Essentially, I have some covariate data X
, and a dependent variable Y
consisting of proportions of a sample that shown a certain response (i.e. between 0 and 1). I suspect I want to proceed via a GLM approach, but the thing is, I don't know the sizes of each of those samples!

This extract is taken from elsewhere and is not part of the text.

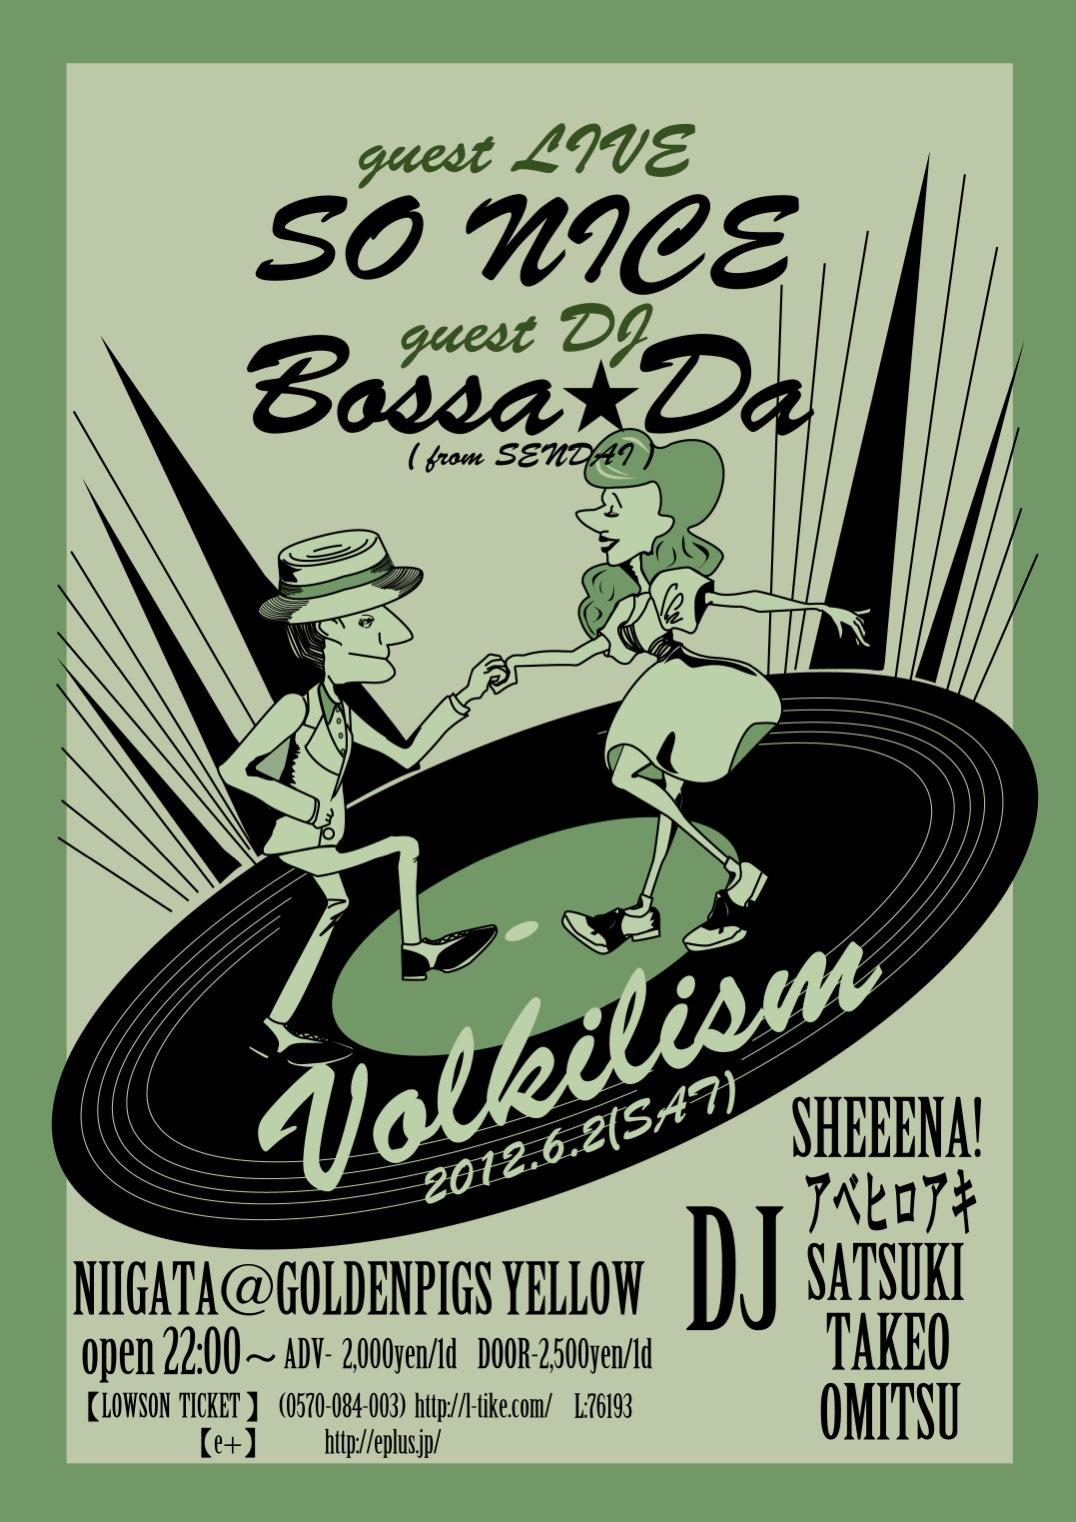 SPイベント開催決定!!! so nice LIVE!! GUEST DJ Bassa☆Da!!!_c0101260_2231311.jpg

My thoughts are to proceed by a quasibinomial methodology, estimating the dispersion parameter. Assuming the sizes of each sample are not too different, I can thus keep the logit link between the linear predictor and the proportion, but disregard the contribution of n
in the usual binomial variance of np(1-p)
. Then I can do hypothesis testing the usual way?
Does this make any sense?
Some R code:
#simulate some data
X = rnorm(500)
Z = rnorm(500)
p = exp(X*0.1 + 2)/(1+exp(X*0.1 + 2))
n = 50
Y = NULL
for (i in 1:length(X)){
Y = c(Y,sum(runif(n) < p[i])/n)
}
Y2 = cbind(Y*n, n-Y*n)
#glm, binomial model is 'true' ?
summary(glm(Y~X+Z, family = "quasibinomial"))
summary(glm(Y2~X+Z, family = "binomial"))
anova(glm(Y~X+Z, family = "quasibinomial"), test = "Chisq")
anova(glm(Y2~X+Z, family = "binomial"), test= "Chisq")
Seems to work, but am I missing something? Surely someone's done something like this before?